Moaddel R, Sanghvi M, Dossou KS, Ramamoorthy A, Green C, Bupp J, Swezey R, O'Loughlin K, Wainer IW - Pharmacol Res Perspect (2015)

Bottom Line: The plasma and brain tissue concentrations over time of (2S,6S)-hydroxynorketamine were determined after intravenous (20 mg/kg) and oral (20 mg/kg) administration of (2S,6S)-hydroxynorketamine (n = 3).The (S)-ketamine metabolites (S)-norketamine, (S)-dehydronorketamine, (2S,6R)-hydroxynorketamine, (2S,5S)-hydroxynorketamine and (2S,4S)-hydroxynorketamine were also detected in both plasma and brain tissue.However, the relative brain tissue: plasma concentrations of the enantiomeric (2,6)-hydroxynorketamine metabolites were not significantly different indicating that the penetration of the metabolite is not enantioselective.
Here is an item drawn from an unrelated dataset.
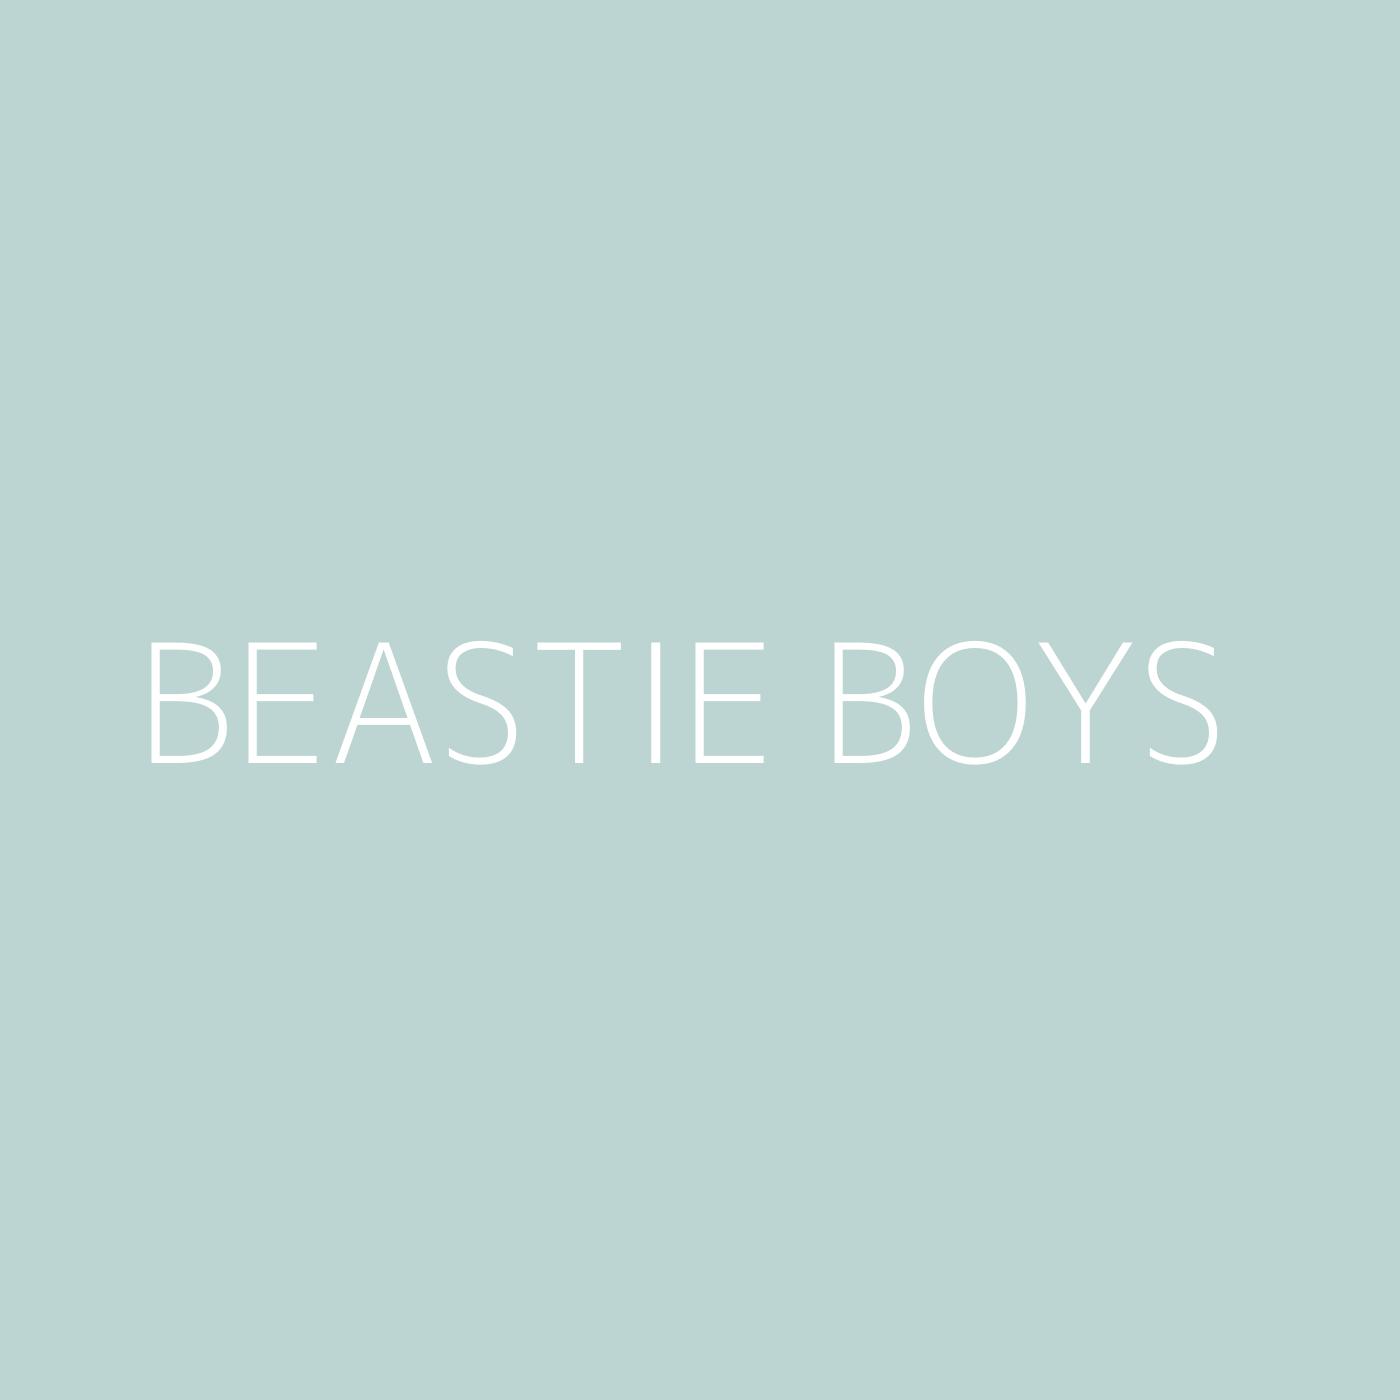 Beastie Boys Playlist Artwork
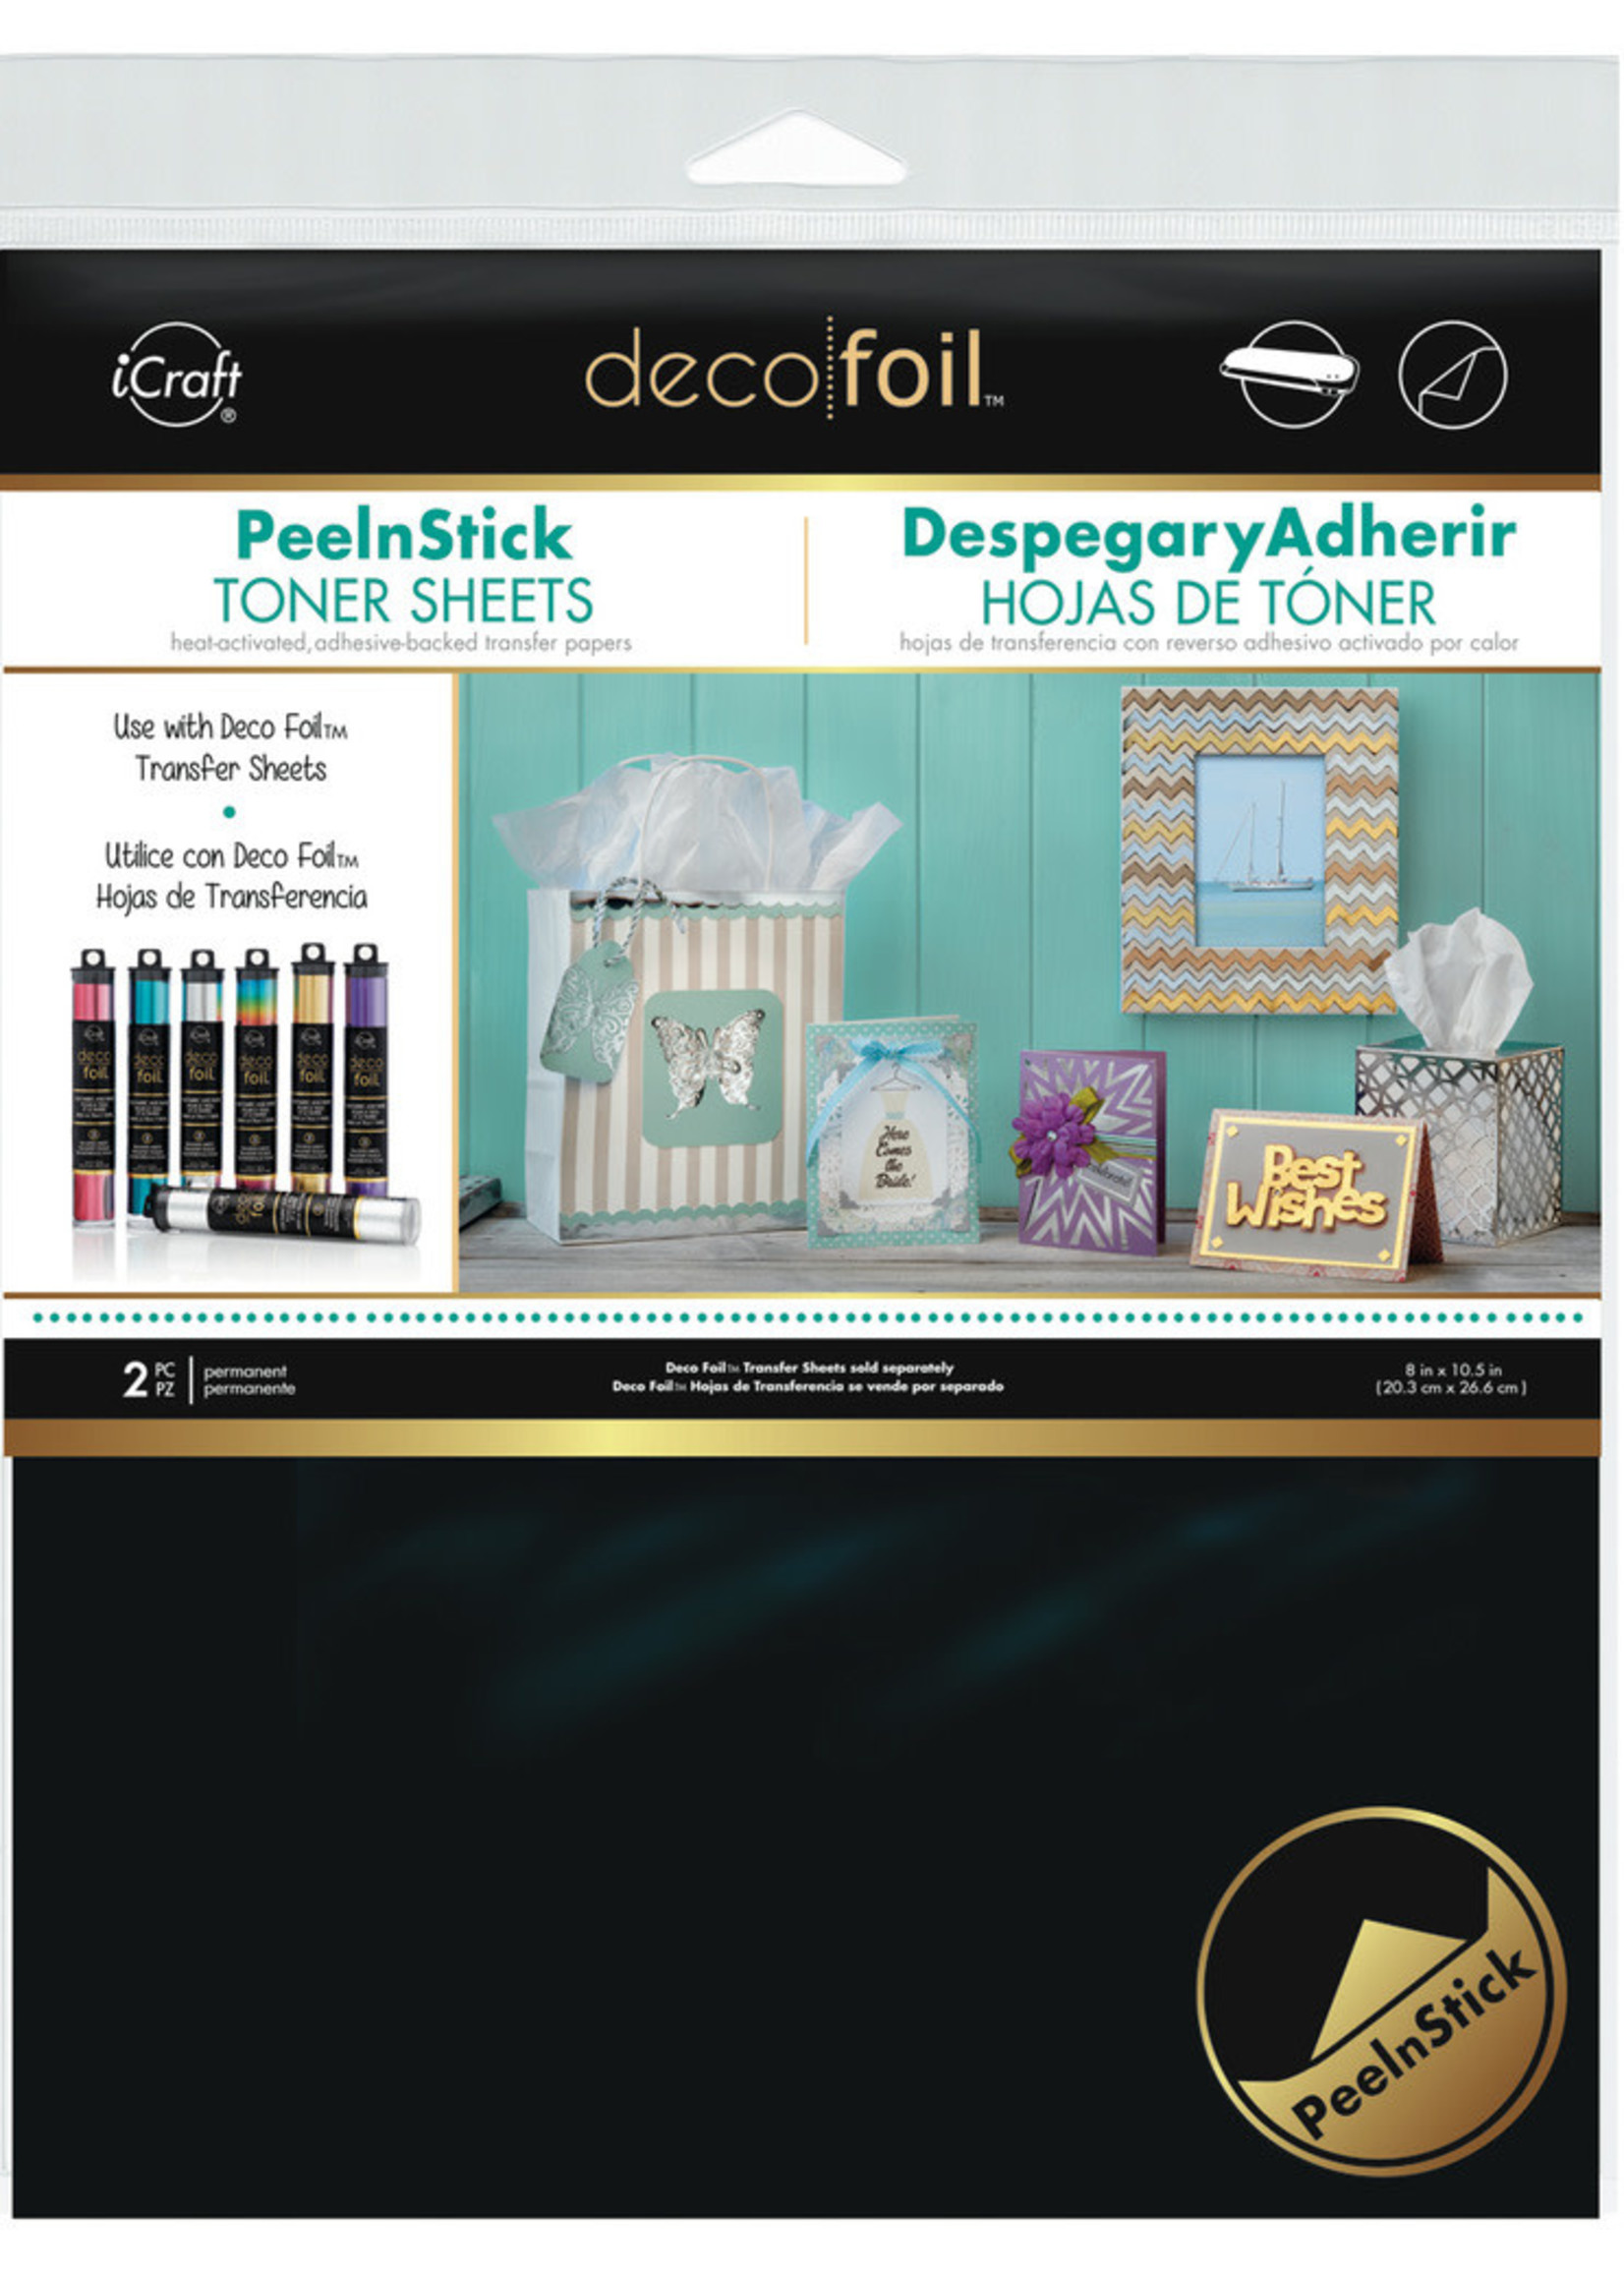 Decofoil PeelnStick Toner Sheets (2)

View Article: PubMed Central - PubMed

Affiliation: Laboratory of Clinical Investigation, Division of Intramural Research Programs, National Institute on Aging, National Institutes of Health Baltimore, Maryland, 21224.

ABSTRACT
The distribution, clearance, and bioavailability of (2S,6S)-hydroxynorketamine has been studied in the Wistar rat. The plasma and brain tissue concentrations over time of (2S,6S)-hydroxynorketamine were determined after intravenous (20 mg/kg) and oral (20 mg/kg) administration of (2S,6S)-hydroxynorketamine (n = 3). After intravenous administration, the pharmacokinetic parameters were estimated using noncompartmental analysis and the half-life of drug elimination during the terminal phase (t 1/2) was 8.0 ± 4.0 h and the apparent volume of distribution (V d) was 7352 ± 736 mL/kg, clearance (Cl) was 704 ± 139 mL/h per kg, and the bioavailability was 46.3%. Significant concentrations of (2S,6S)-hydroxynorketamine were measured in brain tissues at 10 min after intravenous administration, ∼30 μg/mL per g tissue which decreased to 6 μg/mL per g tissue at 60 min. The plasma and brain concentrations of (2S,6S)-hydroxynorketamine were also determined after the intravenous administration of (S)-ketamine, where significant plasma and brain tissue concentrations of (2S,6S)-hydroxynorketamine were observed 10 min after administration. The (S)-ketamine metabolites (S)-norketamine, (S)-dehydronorketamine, (2S,6R)-hydroxynorketamine, (2S,5S)-hydroxynorketamine and (2S,4S)-hydroxynorketamine were also detected in both plasma and brain tissue. The enantioselectivity of the conversion of (S)-ketamine and (R)-ketamine to the respective (2,6)-hydroxynorketamine metabolites was also investigated over the first 60 min after intravenous administration. (S)-Ketamine produced significantly greater plasma and brain tissue concentrations of (2S,6S)-hydroxynorketamine relative to the (2R,6R)-hydroxynorketamine observed after the administration of (R)-ketamine. However, the relative brain tissue: plasma concentrations of the enantiomeric (2,6)-hydroxynorketamine metabolites were not significantly different indicating that the penetration of the metabolite is not enantioselective.

No MeSH data available.


Scheme Metabolic pathway of ketamine.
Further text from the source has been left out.